Hasil utama menunjukkan bahwa kelompok yang mengonsumsi makanan minim proses seperti oat yang direndam semalaman, pasta, atau hidangan ayam buatan sendiri menurunkan berat badan sekitar 2 % dari berat awal mereka.
Selain itu, mereka melaporkan penurunan kuatnya keinginan makan secara signifikan bila dibandingkan dengan kelompok yang menjalani diet ultra‑olahan.
Sementara itu, kelompok yang mengonsumsi makanan ultra olahan (contohnya makanan beku dan sereal batangan) juga mengalami penurunan berat badan, tapi hanya sekitar 1 %.
Peneliti utama, Samuel Dicken, PhD, dari University College London, mengakui bahwa penurunan pada kelompok ultra‑olahan tidak terduga.

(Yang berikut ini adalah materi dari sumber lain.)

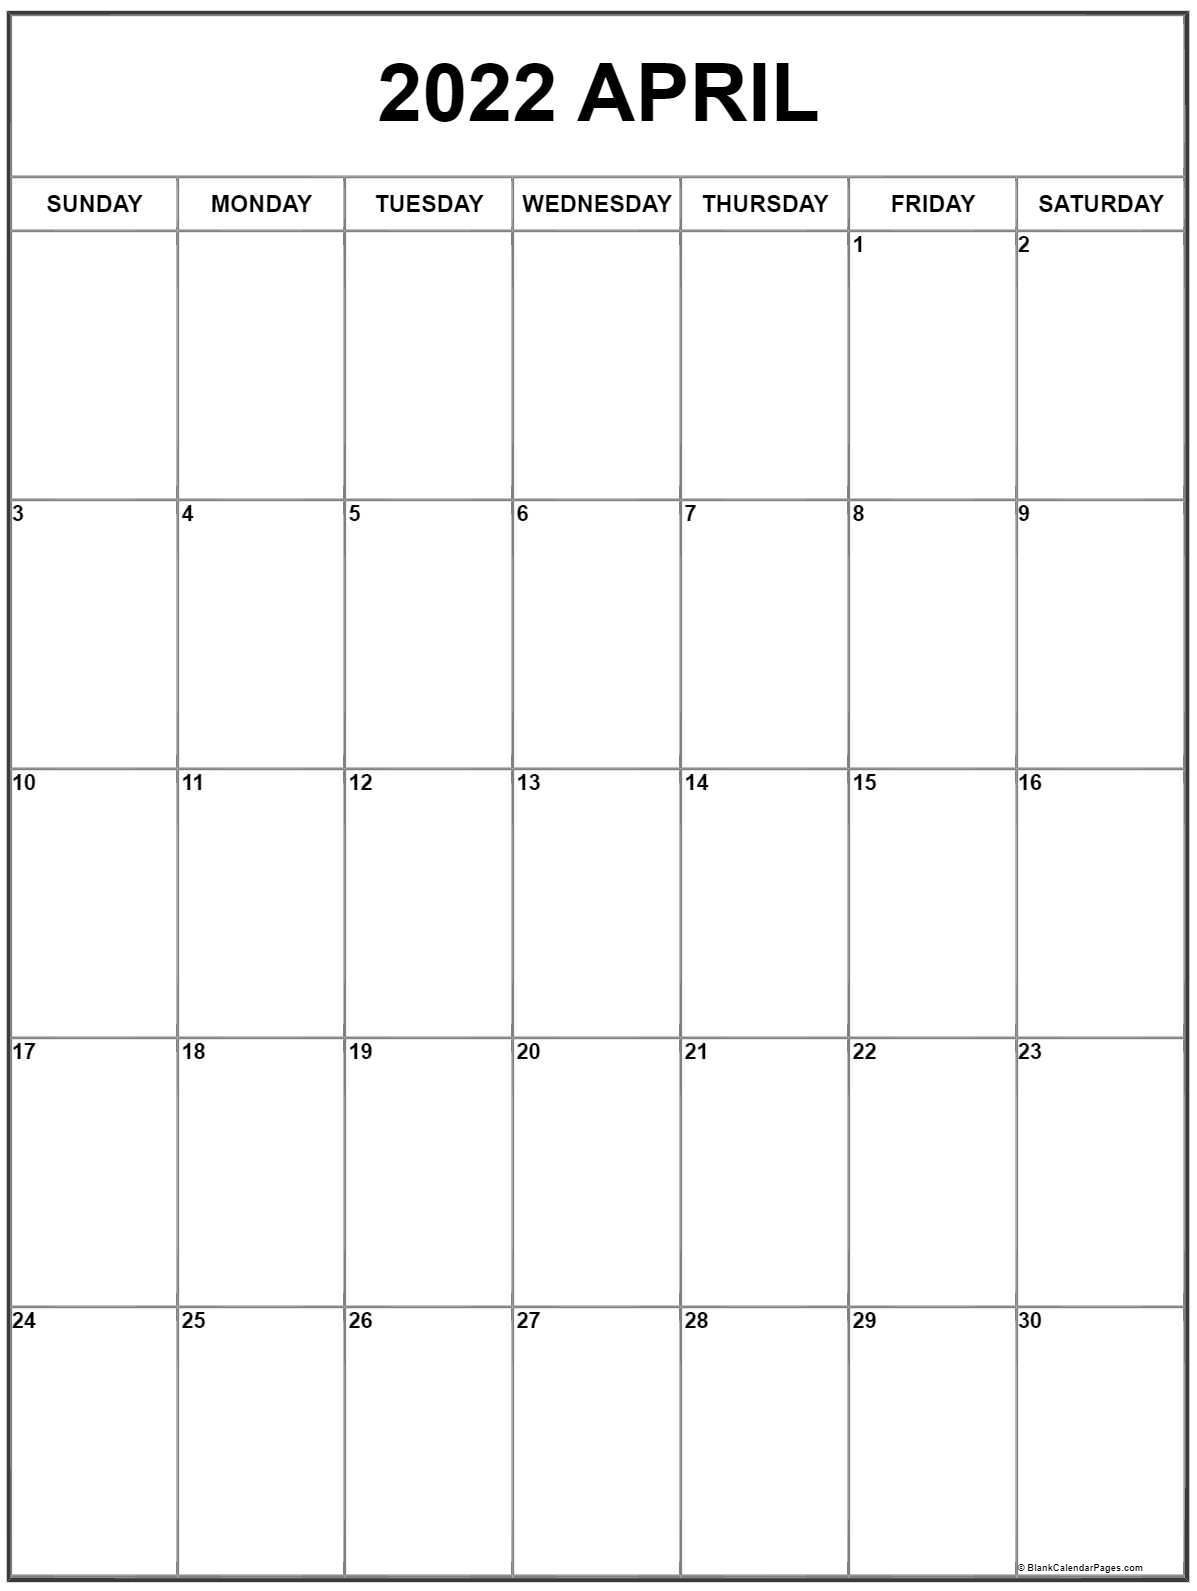 April 2022 Vertical Calendar

“Peserta awalnya memiliki pola makan yang kurang sehat, sehingga perubahan diet apa pun membantu menurunkan berat badan,” ujarnya.
Apakah selisih penurunan berat badan berarti?
Menurut Dr. Dicken dan tim, meski 2 % penurunan dalam delapan minggu terlihat kecil, dampaknya dapat meningkat seiring waktu. Mereka memperkirakan dalam satu tahun, penurunan tersebut dapat mencapai 13 % pada pria dan 9 % pada wanita bila tidak ada upaya penurunan kalori tambahan.
Sebaliknya, diet ultra‑olahan diprediksi hanya memberi penurunan 5 % pada pria dan 4 % pada wanita dalam periode yang sama.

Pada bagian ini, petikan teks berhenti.